To be explained more specifically, when the wind is blowing towards the leading edge 103 of the blade 100 and passing through the surface of the suction surface 106, the space formed between the cover portion 250 and the skin 200 is getting smaller due to the force of the wind so that the cover portion 250 and the skin 200 are more closely contacted, and due to this, the cover portion 250 can cover the end portion zipper 210 more certainly. Thus, the rear side of the suction surface 106 of the blade 100 can be maintained to be relatively smooth, and due to this, the generation of the lifting force of the blade 100 can be facilitated.

As described above, although the present invention has been described with reference to the preferred exemplary embodiments, various changes and alterations of the present invention can be made by those skilled in the art without departing from the spirit and the scope of the present invention written in the claims described herein below.

Claims

1. A blade for a wind power generator comprising:

a main spar;

a front rib and a rear rib respectively located in the front side and the rear side of the main spar; and

a skin, installed on the main spar, the front rib and the rear rib, constituting the outer skin of the blade, wherein

the skin is coupled by a zipper formed in the skin, wherein

the zipper comprises an end portion zipper connecting the both end portions of the skin, wherein

the end portion zipper is covered by a cover portion provided in the skin, and wherein

the cover portion covers the end portion zipper from the front side of the suction surface of the blade towards the rear side of the suction surface of the blade.

2. The blade for a wind power generator according to claim 1, wherein the end portion zipper comprises:

a first end portion zipper teeth and a second end portion zipper teeth respectively formed at the both end portions of the skin; and

an end portion zipper slide, slidably installed at least in any one of the end portion zipper teeth among the first end portion zipper teeth and the second end portion zipper teeth, coupling the first end portion zipper teeth and the second end portion zipper teeth to each other, wherein

the end portion zipper is located in the rear side of the suction surface of the blade.

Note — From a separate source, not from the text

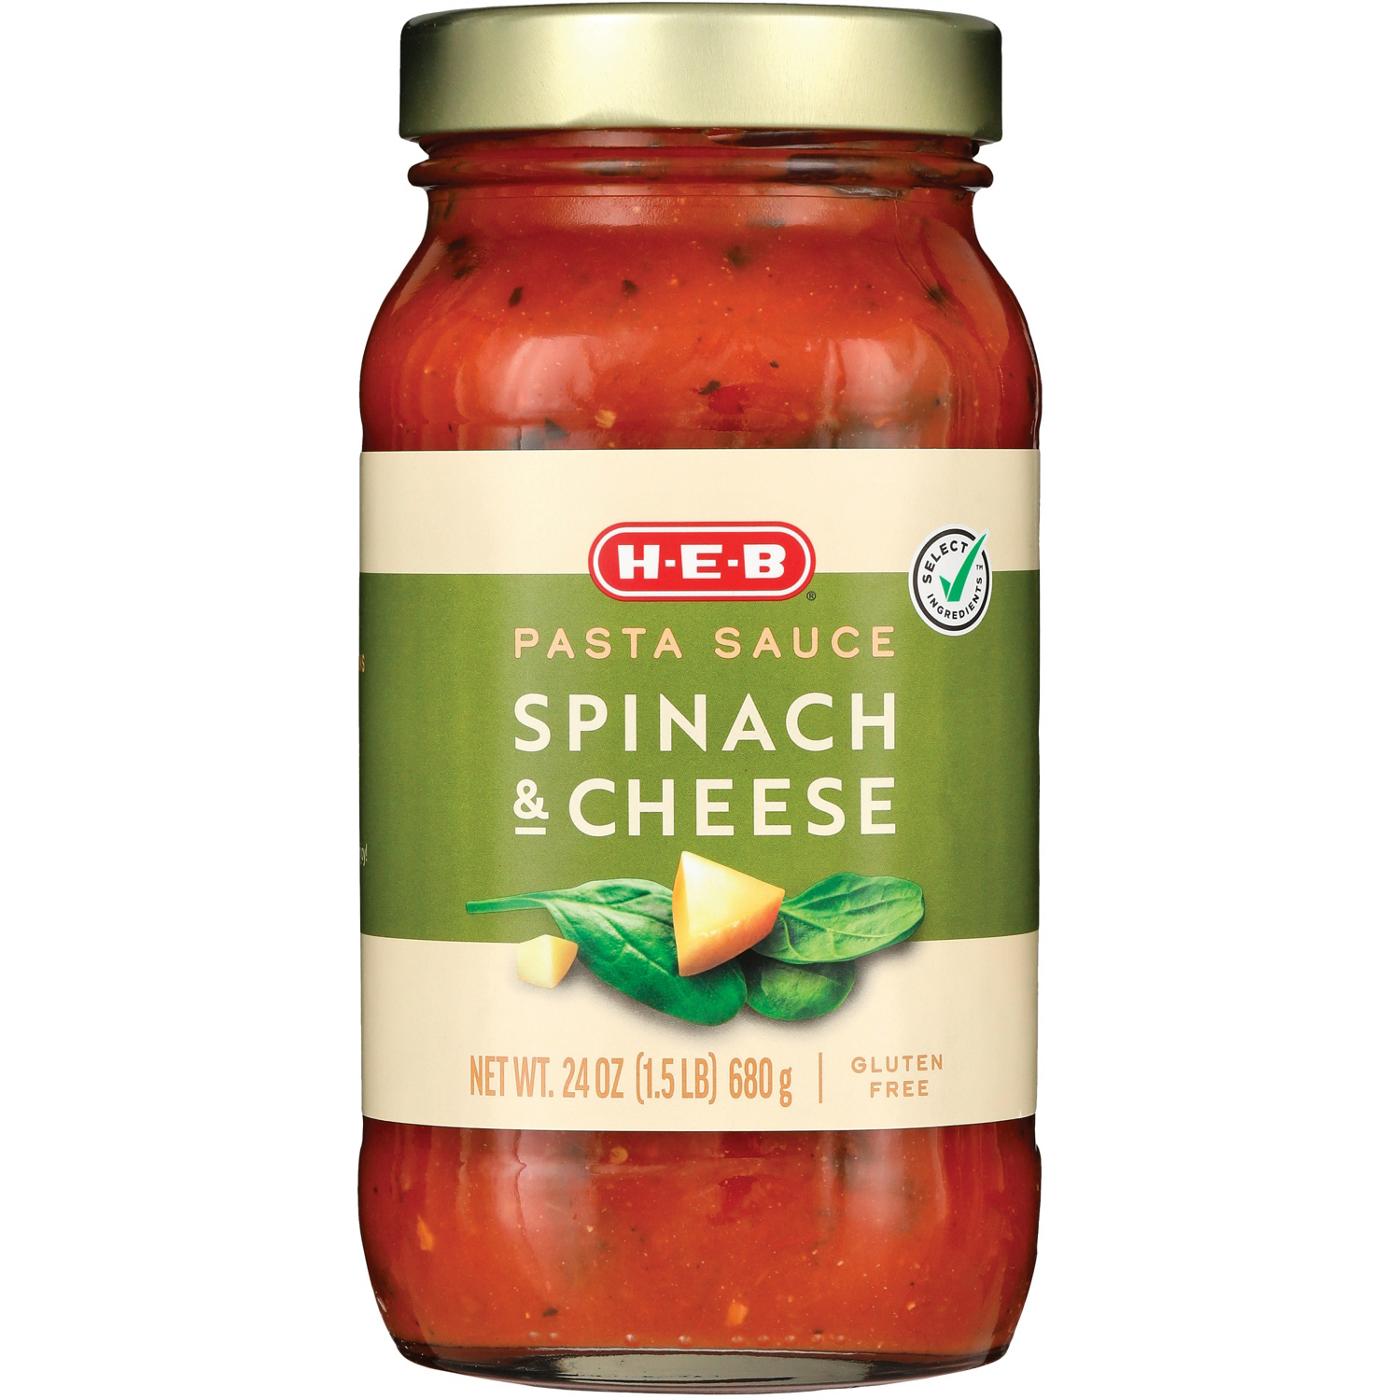 H-E-B Spinach & Cheese Pasta Sauce; image 1 of 2

3. The blade for a wind power generator according to claim 1, wherein

a plurality of the skins installed on the main spar and the front rib and the rear rib form the outer skin of the blade, wherein

the zipper comprises a side portion zipper coupling the adjacent skins among the plurality of the skins, wherein

the side portion zipper comprises:

a first side portion zipper teeth and a second side portion zipper teeth respectively formed in the both side portions of the plurality of the skins; and

a side portion zipper slide, slidably installed at least in any one of the side portion zipper teeth among the first side portion zipper teeth and the second side portion zipper teeth, coupling the first side portion zipper teeth and the second side portion zipper teeth of the adjacent skins among the plurality of the skins to each other, and wherein

the side portion zipper is located on the airfoil of the blade formed by the main spar, the first rib and the rear rib.